The energy storage system is mandated to discharge when it is nearly saturated ( S O C t 1 > 0.85 at the previous time step) and renewable energy generation is sufficient ( R t 1 s > 0.9 ). This prevents overcharging. Conversely, the system is required to charge when its available energy is low ( S O C t 1 < 0.25 at the previous time step) and renewable energy generation is insufficient ( R t 1 s < 0.9 ). This prevents excessive discharging.

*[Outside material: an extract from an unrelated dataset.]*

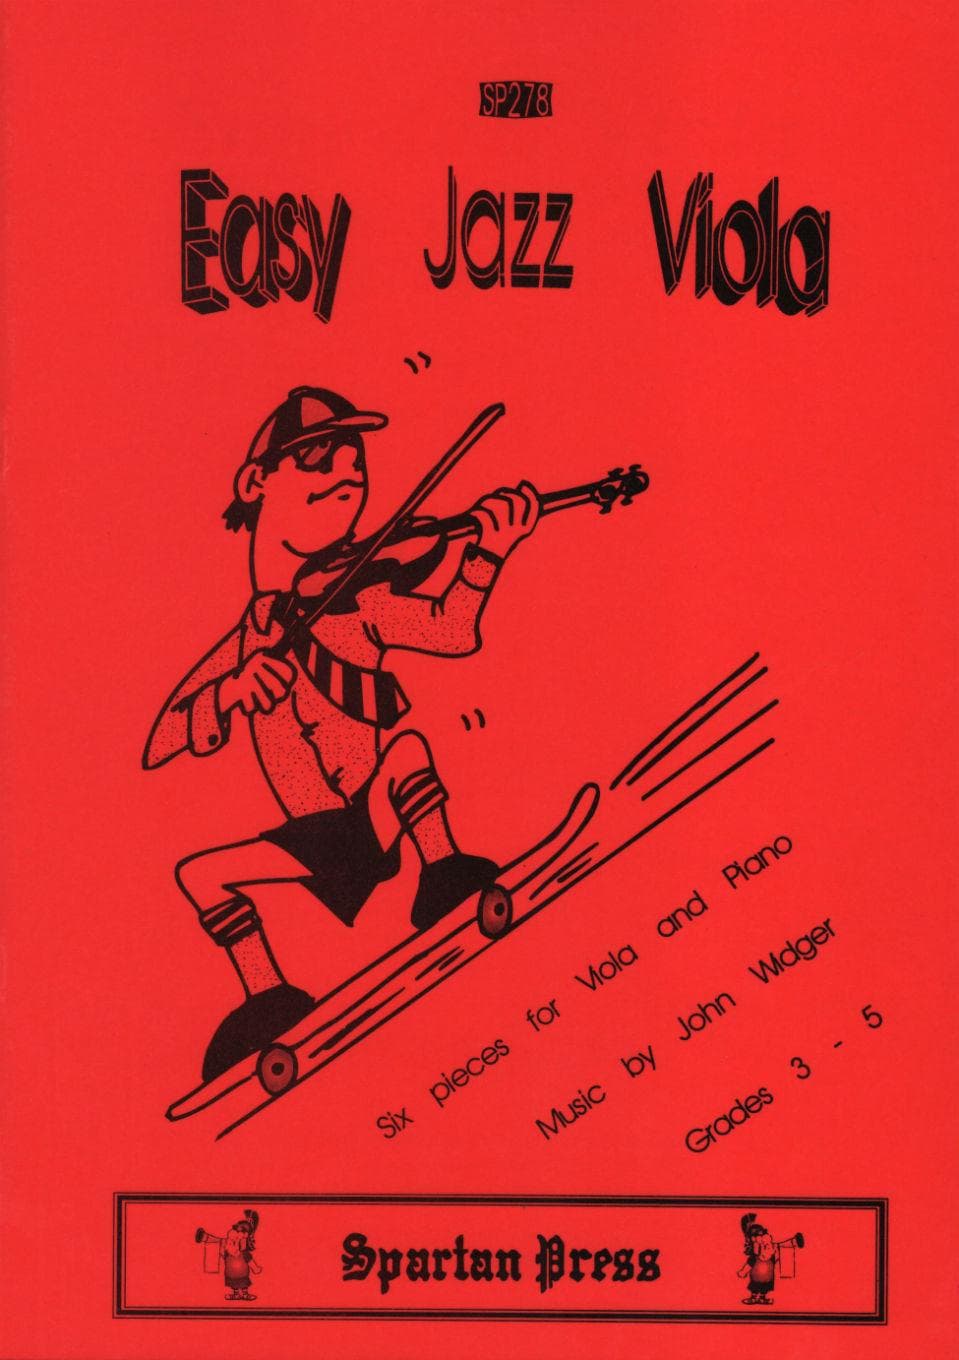 Widger - Easy Jazz Viola Published by Spartan Press

The terminology used in this paper is summarized in Appendix A.

5. Example Analysis

5.1. Simulation Environment Setup

The experimental data—including the PV generation, wind power output, electrical load, and real-time electricity prices—originated from actual operating records of the CAISO system [27] in California. We utilized 2021–2022 data as the training set for neural network development and reserved the 2023 data for testing.
As shown in Figure 2, the microgrid configuration comprises three 350 kVA diesel generators, two 2000 kWh battery storage units, three 300 kW photovoltaic arrays, two 300 kW wind turbines, and multiple load centers. Key operational parameters include a 1000 kVA power exchange limit with the main grid and battery state-of-charge constraints (10–90% operating range).
This study implements three algorithms sharing identical agent training frameworks: D3QN-BRF(DB), D3QN-MSRM(DM), and CMDP-D3QN-MSRM(CDM). Their neural network architecture consists of two feature extraction modules with fully connected layers sized 5 × 512 and 512 × 512; a value function stream comprising layers 512 × 256 and 256 × 1; and an advantage function stream containing layers 512 × 256 and 512 × 3. Here, dimension 5 corresponds to the state space size, while 3 denotes the action space dimension. All hidden layers employ ReLU activation functions. The implementation, developed in Python3.9, utilizes TensorFlow2.0 for neural network training. The values of the parameters used in the algorithm are shown in Table 1. The experimental setup comprised an 18-core AMD EPYC 9754 CPU, an NVIDIA GeForce RTX 3090 GPU, and 24 GB of RAM. The total training duration was 8 h.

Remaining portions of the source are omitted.